The proper moisture and proportion of raw material
determines the C/N ratio and fertilizer value of compost. A
compost with an organic matter content as low as 8% is little more
than a soil rich in humus as generally found in temperate region.
On average, compost should have about 30% to 60% organic
matter in the final material. Chemical tests such as determination
of carbon and nitrogen and the C/N ratio a more reliable indicator
of the finished product, however, if a C/N ratio of 20 or less is
attained, normal compost is considered as ready for use. However,
the C/N ratio of a well composted material may vary between 5,
50 and 20.
Novel approaches to improve the process of composting,
including reducing generation time, inclusion of fecal residues/
animal litter, organic/ inorganic compounds and consortia of
effective microorganisms has revolutionized the use of compost
in diverse spheres of agriculture and made it an essential
component in crop-production, crop- protection and natural
resource management.
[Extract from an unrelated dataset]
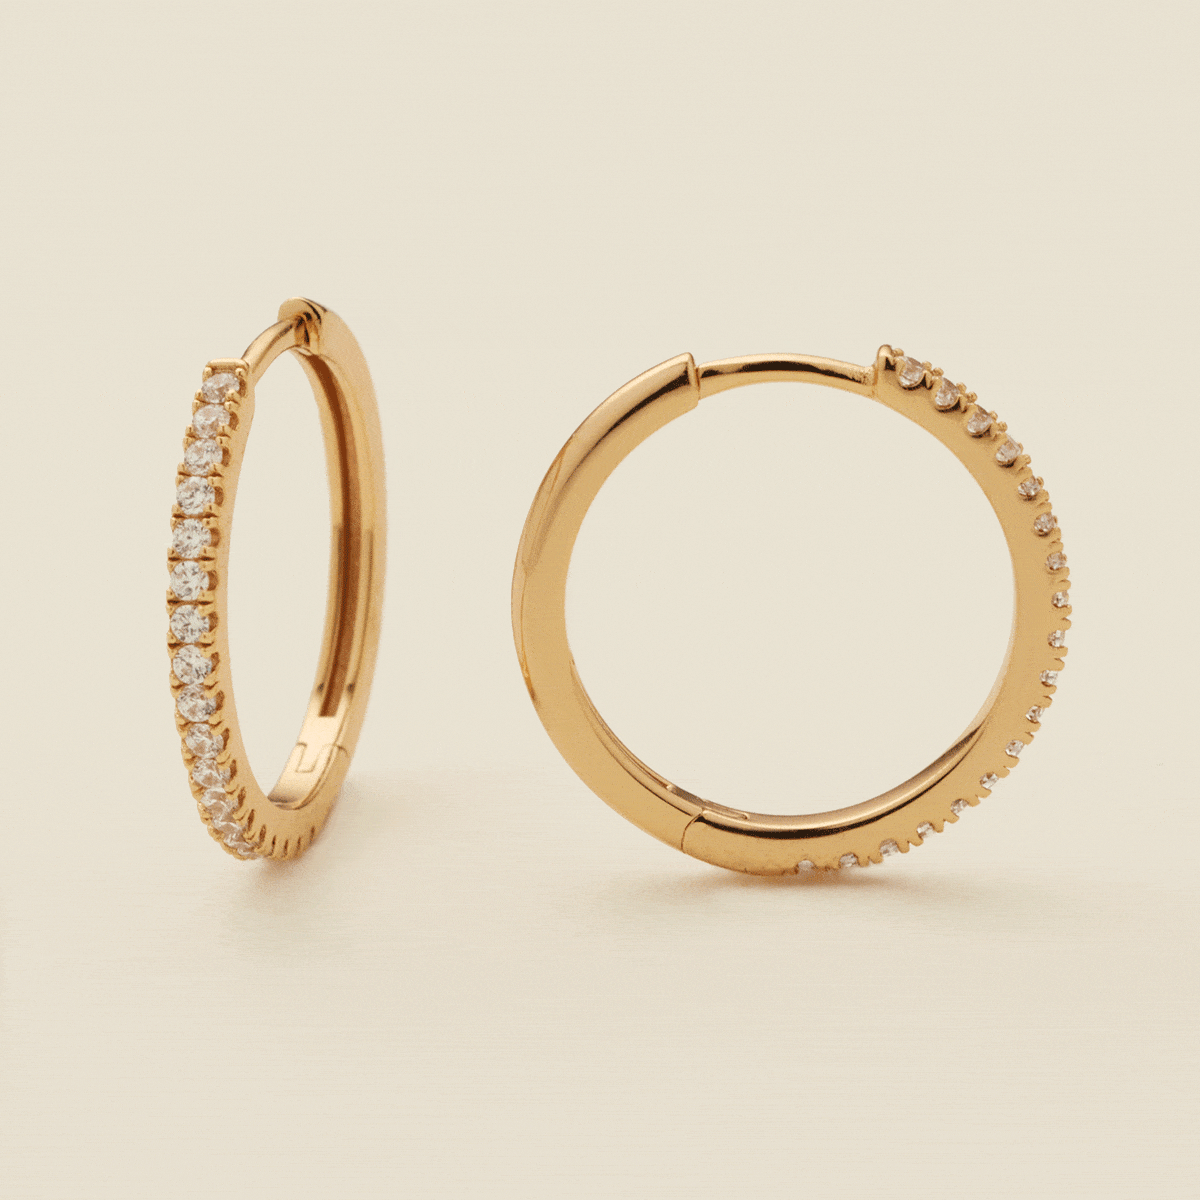 20mm Luxe Hoop & Stacking Band Set Jewelry Set
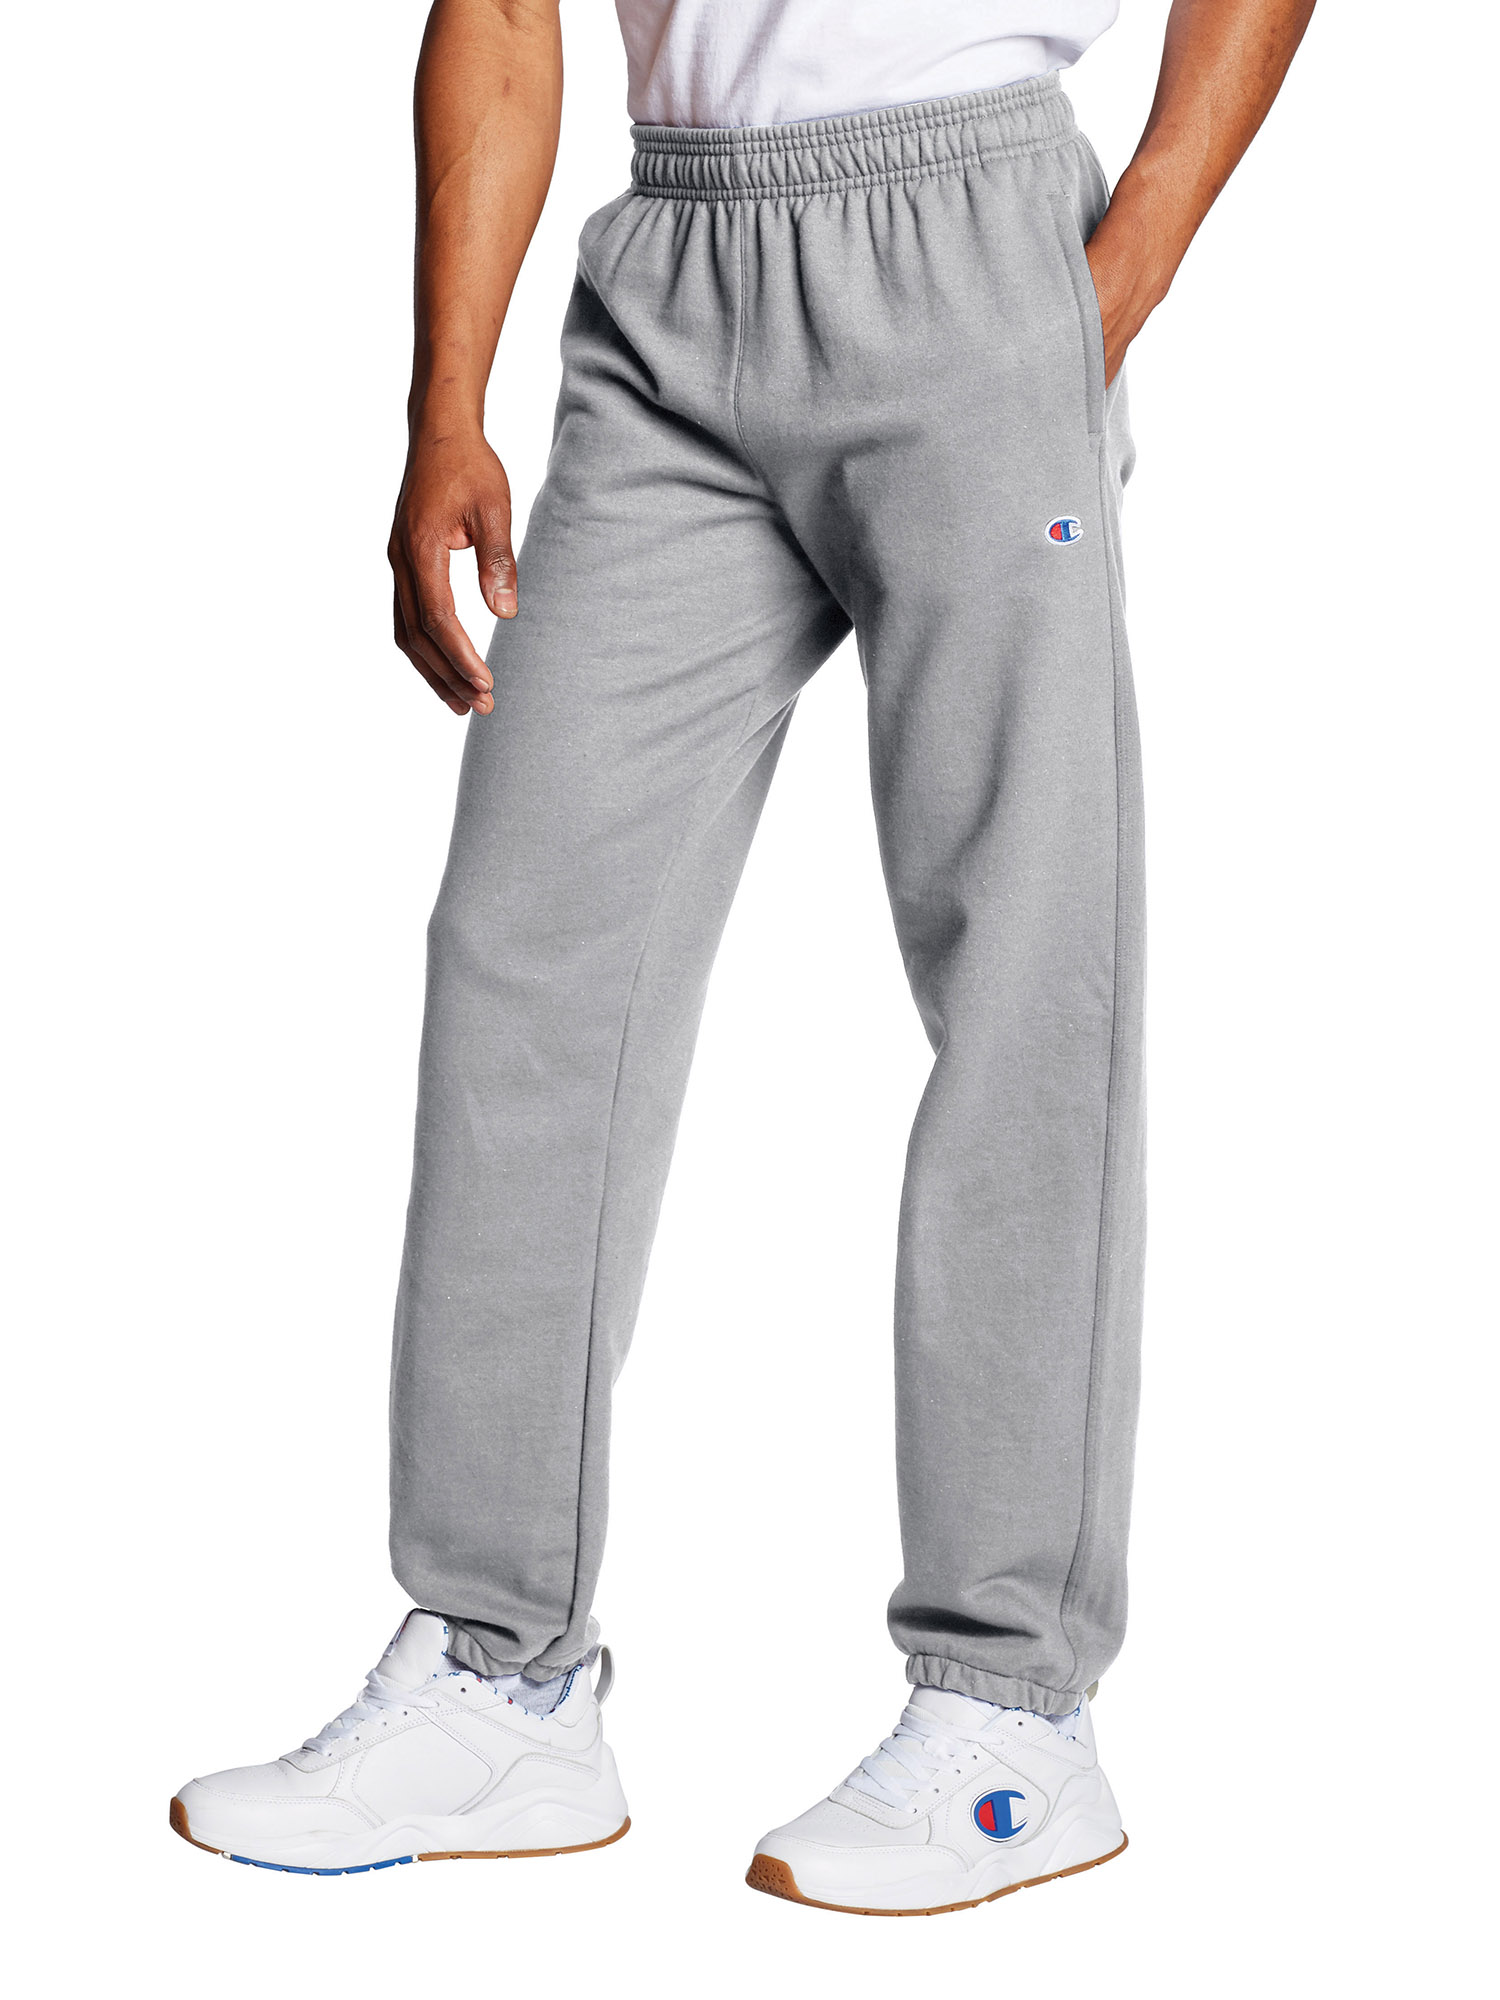 Champion Men's Powerblend Relaxed Bottom Fleece Pant Only $10

Keeping in view the different agro-climatic
zones, tailor made bioinoculants and technologies are needed to suit the demands of the local farmers for quality compost
production. Although lot of work has been done on microbiology of
composting, there is lack of sufficient knowledge about microbial
diversity and their exact role during various stages of composting.
There is a strong need to carry out work on the unculturable
microorganisms and their activities during the composting
processes using advanced techniques like denaturing gradient
gel electrophoresis (DGGE) and other cultivation independent
techniques. Extension workers and KVKs need to play a major role
in popularizing different compost technologies among farmers.
Besides composting, agro wastes may be utilized as a useful
resource for production of animal feed, biofuel and enzymes to
generate additional income from bioconversion process.